Segment Start: DATA TO USE

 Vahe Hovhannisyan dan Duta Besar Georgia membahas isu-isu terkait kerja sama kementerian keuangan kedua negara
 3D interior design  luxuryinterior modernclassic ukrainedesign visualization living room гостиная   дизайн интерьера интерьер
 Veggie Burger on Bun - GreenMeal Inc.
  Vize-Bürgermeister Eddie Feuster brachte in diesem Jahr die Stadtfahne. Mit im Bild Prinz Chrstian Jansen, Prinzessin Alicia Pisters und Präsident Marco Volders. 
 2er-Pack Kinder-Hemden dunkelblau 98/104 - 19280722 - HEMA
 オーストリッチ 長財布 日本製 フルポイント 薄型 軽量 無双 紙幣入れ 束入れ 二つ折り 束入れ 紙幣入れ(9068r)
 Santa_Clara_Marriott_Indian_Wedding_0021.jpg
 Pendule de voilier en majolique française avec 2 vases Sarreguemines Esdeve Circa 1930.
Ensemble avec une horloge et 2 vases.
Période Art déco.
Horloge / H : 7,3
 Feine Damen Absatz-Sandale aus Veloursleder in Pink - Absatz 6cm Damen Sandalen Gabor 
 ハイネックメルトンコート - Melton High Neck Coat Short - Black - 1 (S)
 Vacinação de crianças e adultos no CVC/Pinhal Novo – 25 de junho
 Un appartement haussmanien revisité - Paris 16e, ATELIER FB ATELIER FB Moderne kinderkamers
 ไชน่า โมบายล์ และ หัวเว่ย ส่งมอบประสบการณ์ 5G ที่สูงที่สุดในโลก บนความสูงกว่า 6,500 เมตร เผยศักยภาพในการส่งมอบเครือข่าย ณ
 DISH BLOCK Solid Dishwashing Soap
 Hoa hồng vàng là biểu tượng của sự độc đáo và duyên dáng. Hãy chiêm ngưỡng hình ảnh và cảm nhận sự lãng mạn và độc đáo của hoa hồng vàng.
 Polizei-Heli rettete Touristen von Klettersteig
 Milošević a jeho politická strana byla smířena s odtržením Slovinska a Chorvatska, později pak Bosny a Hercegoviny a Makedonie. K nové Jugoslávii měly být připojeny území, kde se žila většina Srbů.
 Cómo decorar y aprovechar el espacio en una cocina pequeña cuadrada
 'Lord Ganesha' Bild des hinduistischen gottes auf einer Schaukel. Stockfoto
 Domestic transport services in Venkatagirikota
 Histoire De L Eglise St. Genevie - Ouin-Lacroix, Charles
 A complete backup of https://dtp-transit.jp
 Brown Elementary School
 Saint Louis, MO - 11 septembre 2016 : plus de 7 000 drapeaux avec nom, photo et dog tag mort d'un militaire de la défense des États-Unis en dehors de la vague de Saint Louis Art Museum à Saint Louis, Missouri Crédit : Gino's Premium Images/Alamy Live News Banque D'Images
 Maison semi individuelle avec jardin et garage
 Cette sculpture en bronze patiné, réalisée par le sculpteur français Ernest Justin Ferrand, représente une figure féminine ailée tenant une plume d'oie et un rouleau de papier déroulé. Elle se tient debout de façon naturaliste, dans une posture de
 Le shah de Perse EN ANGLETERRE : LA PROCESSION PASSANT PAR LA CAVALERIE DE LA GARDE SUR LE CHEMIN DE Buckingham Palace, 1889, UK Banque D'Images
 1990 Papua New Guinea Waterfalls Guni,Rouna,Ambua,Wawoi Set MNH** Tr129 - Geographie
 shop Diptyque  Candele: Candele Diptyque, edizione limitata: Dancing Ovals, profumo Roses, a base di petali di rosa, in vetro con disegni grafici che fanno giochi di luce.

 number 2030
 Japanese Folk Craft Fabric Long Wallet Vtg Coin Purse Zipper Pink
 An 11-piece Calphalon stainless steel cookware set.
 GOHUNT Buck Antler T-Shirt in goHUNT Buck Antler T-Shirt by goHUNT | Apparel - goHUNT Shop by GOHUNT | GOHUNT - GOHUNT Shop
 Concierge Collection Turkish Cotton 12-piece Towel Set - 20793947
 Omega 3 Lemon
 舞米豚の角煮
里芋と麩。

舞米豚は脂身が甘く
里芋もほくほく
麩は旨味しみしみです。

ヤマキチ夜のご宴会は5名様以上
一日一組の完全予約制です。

Segment End: DATA TO USE

Of the lines above, output exactly those from the line bearing "Le shah de Perse" through the line bearing "1990 Papua New", inclusive.

 Le shah de Perse EN ANGLETERRE : LA PROCESSION PASSANT PAR LA CAVALERIE DE LA GARDE SUR LE CHEMIN DE Buckingham Palace, 1889, UK Banque D'Images
 1990 Papua New Guinea Waterfalls Guni,Rouna,Ambua,Wawoi Set MNH** Tr129 - Geographie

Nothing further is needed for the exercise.